Could anyone help me with this

$x = 1 + \cos t$, $y = −2 + \sin t$, $π ≤ t ≤ 2π$;

$x = t$, $y = −2 −\sqrt{2t − t^2}$, $0 ≤ t ≤ 2$

For the following parametric equations, how do I determine whether they both represent the same curve? And how to represent the curve in a single equation? What I did is to sub in the value of x and y from both equations to find the value of t, but i don't know how to proceed.

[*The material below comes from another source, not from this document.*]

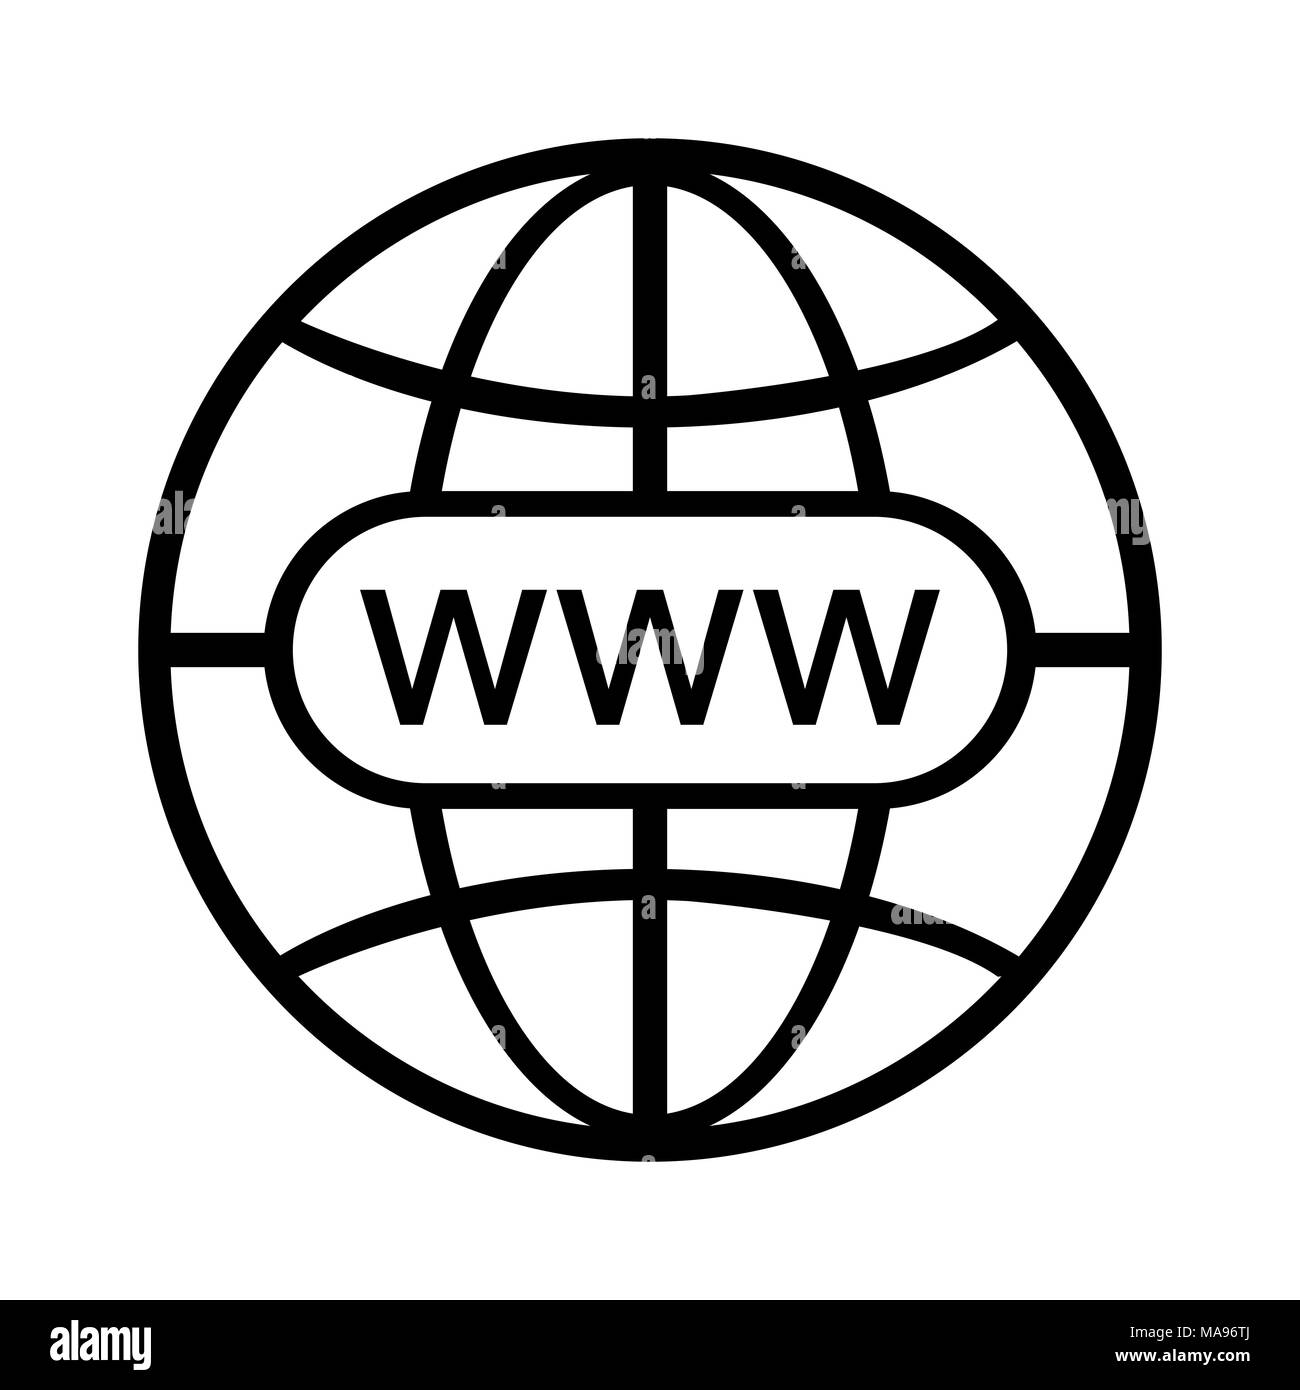 Www Icona Vettore Sito Web Symbol Moderno E Semplice Piatto Illustrazione Vettoriale Per Sito Web O Mobile App Immagine E Vettoriale Alamy
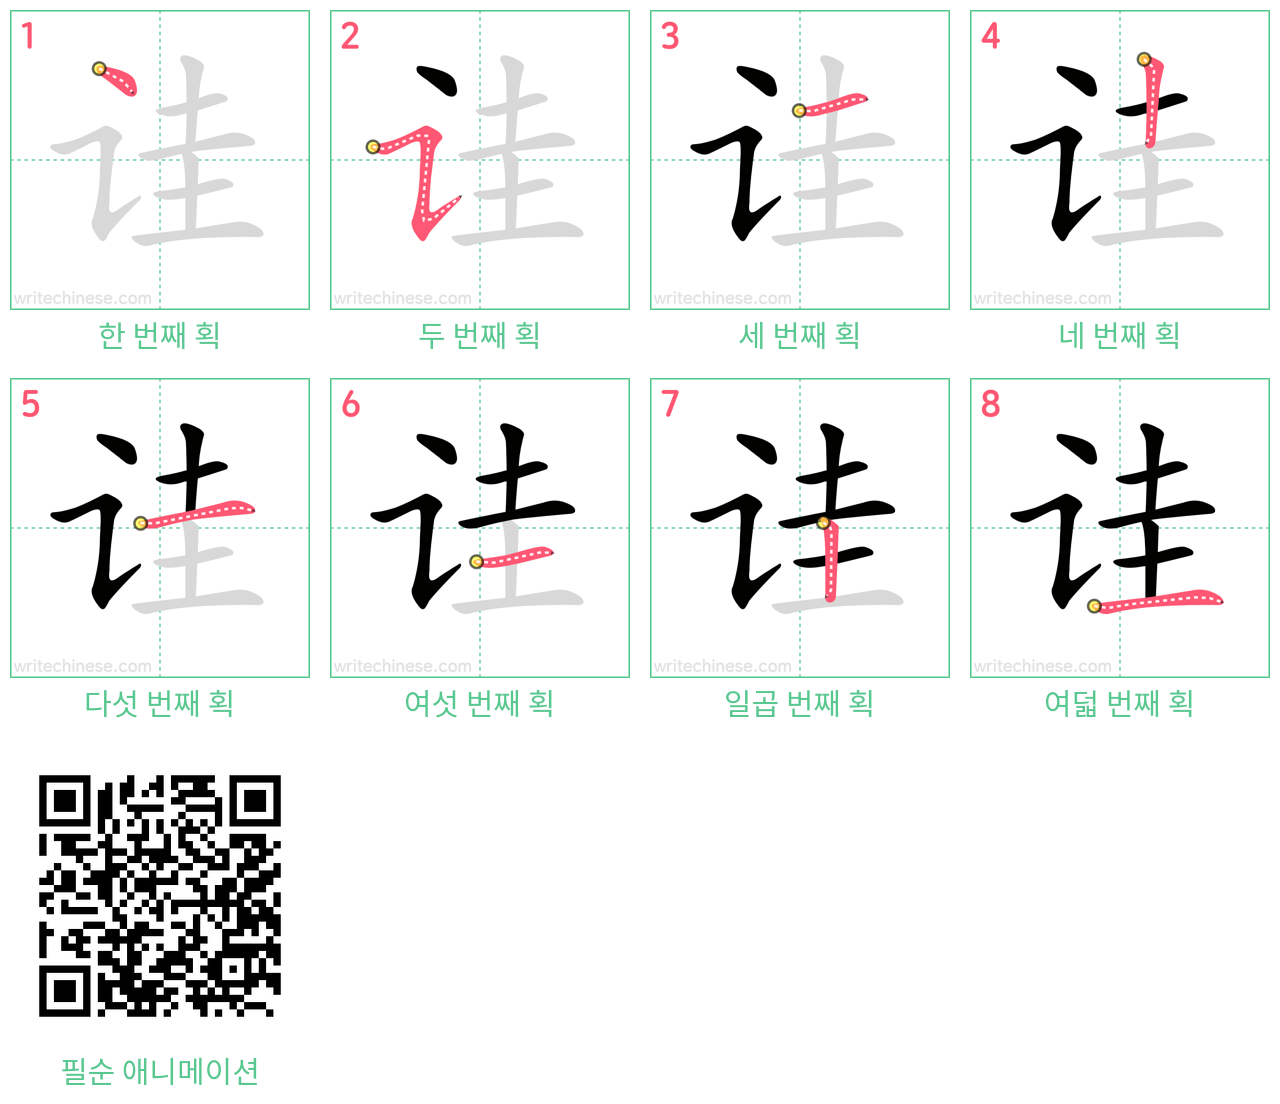 诖 step-by-step stroke order diagrams

Or should i draw the curve out and check whether it is the same curve?

## Best Answer

$x = 1 + \cos t, \ \ \ y = −2 + \sin t, \ \ \ \pi \leq t \leq 2 \pi$:

$$(x-1)^2+(y+2)^2=(1 + \cos t-1)^2+(−2 + \sin t+2)^2=\cos^2 t+\sin^2 t=1 \\ \Rightarrow (x-1)^2+(y+2)^2=1$$

$x = t, \ \ \ y = −2 −\sqrt{2t − t^2}, \ \ \ 0 \leq t \leq 2$:

$$(x-1)^2+(y+2)^2=(t-1)^2+(−2 −\sqrt{2t − t^2}+2)^2=t^2-2t+1+2t-t^2=1 \\ \Rightarrow (x-1)^2+(y+2)^2=1$$

Therefore, the parametric equations represent the same curve.